MacMmllan’s now on Oyster too actually. . .
“Master and Margarita” rocks if you ask me. :)
@Sirius: OMG, yes! I adore The Master and Margarita. I liked all of Bulgakov’s books, but that one is my favorite.
Just wish that Macmillan would allow ebooks for public libraries.
I LOVE the use of 3D printing for children’s medical needs. I recently watched a news report on how the medical field is using 3D printing to replace heart valves, prosthetics, etc. as children grow, increasing not only their survival rate but their quality of life. Truly amazing!
@Lynnd: They do now, actually — just at a ridiculous price with onerous restrictions (like the rest of the Big 5).
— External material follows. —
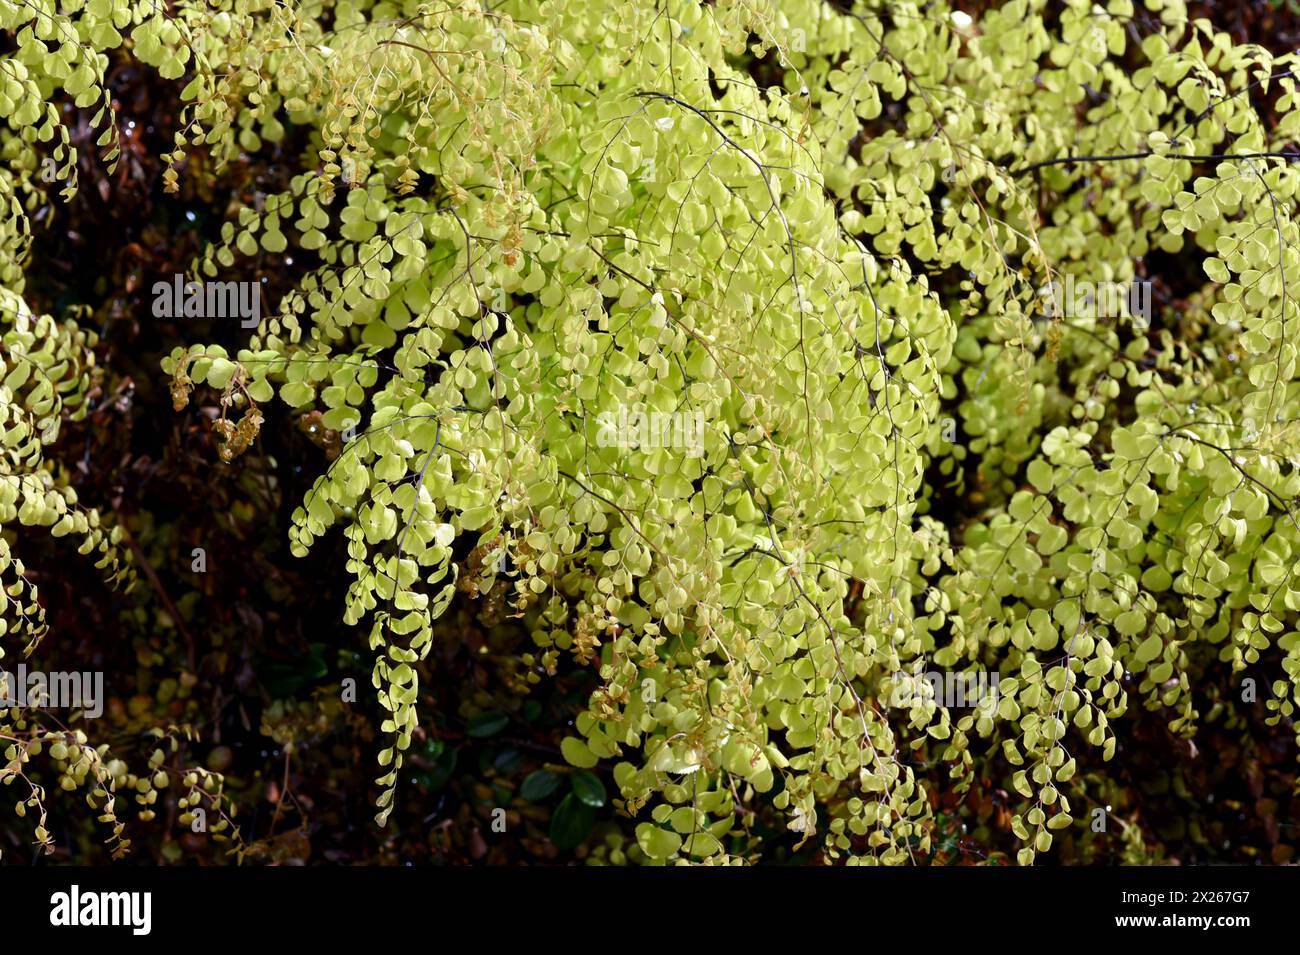 Frauenhaarfarn, Adiatum Venustum ist eine Farnart mit filigranen Blaettern. Maidenhair fern, Adiatum Venustum, is a species of fern with delicate leav Stock Photo

I think that the rise of subscription services is a good thing for readers with the means to take advantage of them, but a very very bad thing for public libraries. It removes the incentive for our well-off and tech-savvy patrons (the only ones likely to have any clout) to support librarians in our struggle to offer ebooks to the public on any sort of reasonable terms.
Master and Margarita has the distinction of being both the only book I’ve ever read the entirety of in the original Russian and the only play I’ve seen in Russian. (I took three years of Russian, a long time ago, and of all the excerpts we read and translated, the start of that one is the one that made me want to read the rest and go to the trouble of finding it in the original. And it just so happened that a Russian theater company was performing it in Chicago that year)
Unrelated to this posting but I found this ironic, there is an Ellora’s Cave ad under the sponsors banner…
Huh. I was looking for Master and Margarita last night. The universe is telling me something, it seems.
Seems to me the cult-book certificate is “This book has sold a million copies, spawned a zillion imitators, and its readers quote it to this day.” I liked the lack of snobbishness in compiling the list, (“Chariots of the Gods”), but God does it give precedence to English-written books.
Which is a very long way of saying; Where’s GGM and Cortázar? Should I be, as Latinamerican, happy that the list deigned to mention Borges?
@Mercy, is Master and Margarita short and easy to read? I keep thinking I should start reading classics in Russian.